I want to also welcome the support the minister has here tonight, with the deputy minister, the vice-chief of the defence staff, and those in ADM positions. I thank them for supporting the minister tonight and for the work they do in supporting our men and women in uniform.
This has been a rough session for the minister. He has misled Canadians on a number of occasions now. There was the issue of danger pay on Operation Impact for everybody who was stationed in Kuwait. It took our efforts as the opposition to bring to light that some members in the fight against ISIS were being treated unfairly. The government instead doubled down and then embarrassed itself and ultimately had to correct the problem.
We also know the capability gap surrounding our CF-18s is an imaginary one. We are going to dive into that more completely.
We also want to talk about the continued stand-down by the government in pulling resources out of Iraq and Kuwait that were in support of our troops who are fighting ISIS and in support of our allies, and of course about how the minister has misled the House in saying our allies were happy when we pulled our CF-18s out of the fight.
We also have that situation again, with the government pulling our Auroras out of the fight against ISIS and leaving the heavy lifting to our NATO allies, who have had to move in AWACs.

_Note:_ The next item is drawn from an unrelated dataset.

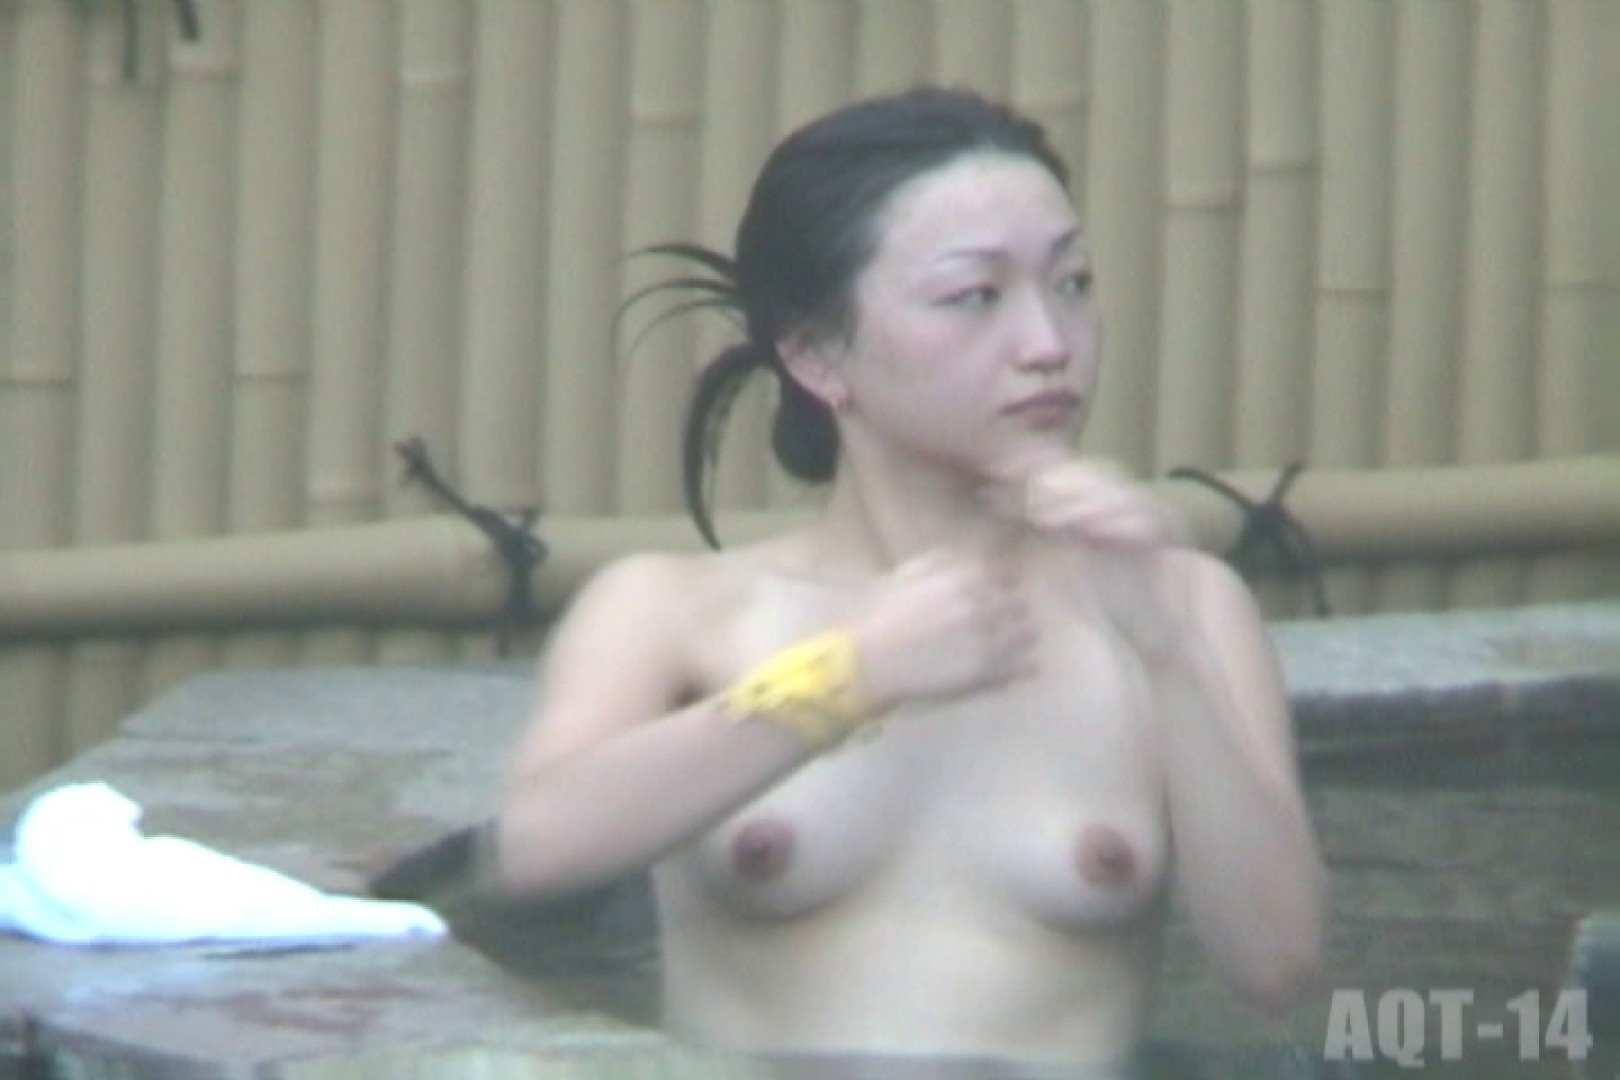 Aquaな露天風呂Vol.826 盗撮 | OLエロ画像  88PICs 55

We have the famous architect issue. That report came up over Operation Medusa, and the minister has apologized for it.
This budget is nothing to celebrate either. There have been $12 billion in cuts made in two consecutive budgets by the government. The finance minister has said that the Department of National Defence is appropriately provisioned, but the minister himself has said that there need to be significant investments going forward in the DPR.

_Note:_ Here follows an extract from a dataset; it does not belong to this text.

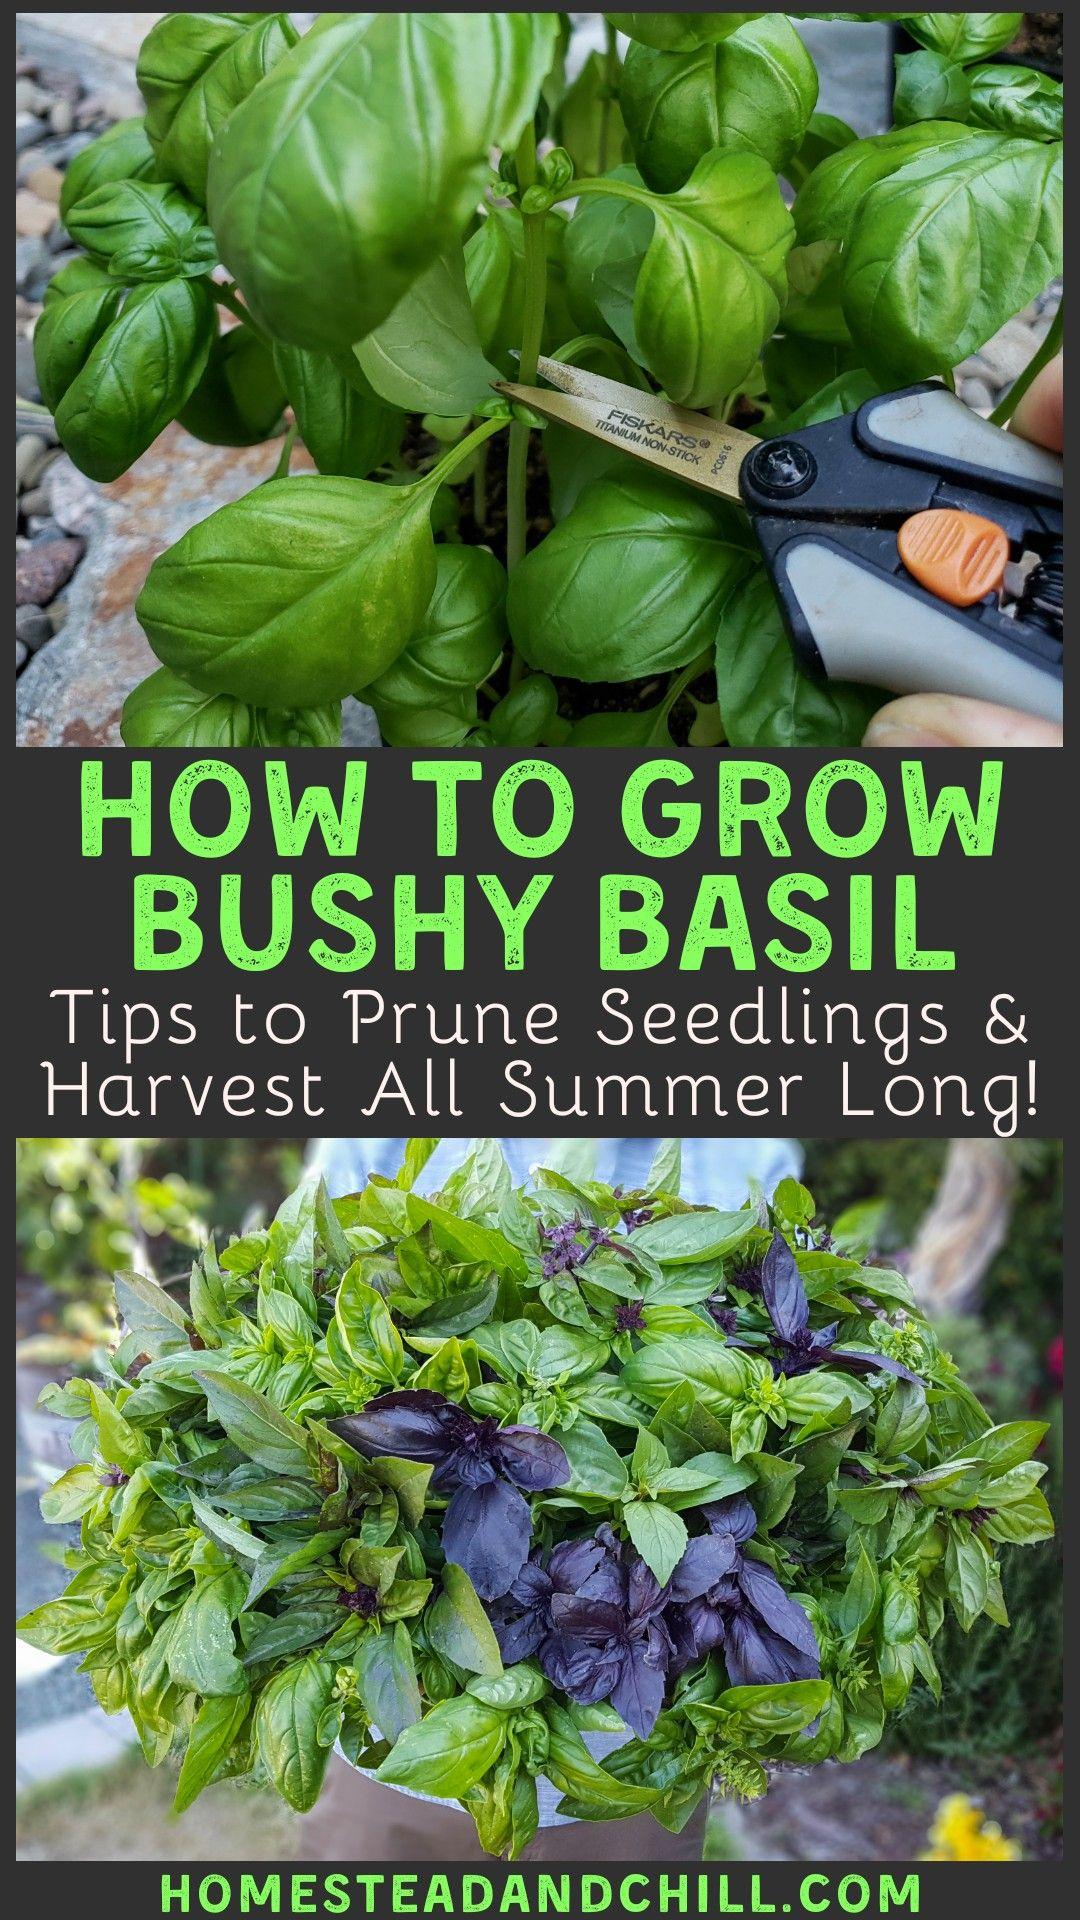 How To Grow Bushy Basil To Harvest All Summer Long Homestead And Chill In 2020 Basil Plant Veg Garden Herb Garden Design

The budget cuts that we are seeing right now are decreasing the amount of training that our troops can do and the amount that they can do in maintaining readiness to do the jobs that we call upon them to do.
I am going to first talk about the defence policy review. It is being rolled out, but it is much delayed. Originally the minister said that we would have the defence policy review in front of us by the end of last year; here we are, six months down the road, and we still have not seen it. The government has said that it will be released on June 8, and we are going to be looking at it.
I want to dive into that a bit, because we have already seen a number of shell games going on with the budget. In the cuts in this budget, the government has taken $8.5 billion and punted it down the road for up to 20 years. We were able to find in the budget that there was some re-profiling, as the minister likes to call it, or stuff that lines up better with our fiscal framework, but there is still $5.6 billion of shifted funds that are not accounted for, and we need to find out where those funds are going. We know there is some deferred spending coming from LAV modernization and some funding for the fixed-wing search and rescue planes that was moved down to better fit when the planes are being delivered, but we want to know if the shell games are going to continue.
We want to know whether or not there is going to be adequate funding in the budget to support the defence policy review or if the minister is going to defer all of that funding until after the next election. One thing of which the defence minister is the architect is the defence policy review, but can he guarantee us that the funding is going to be there, or is it going to be, as Dave Perry said, underfunded and under-ambitious?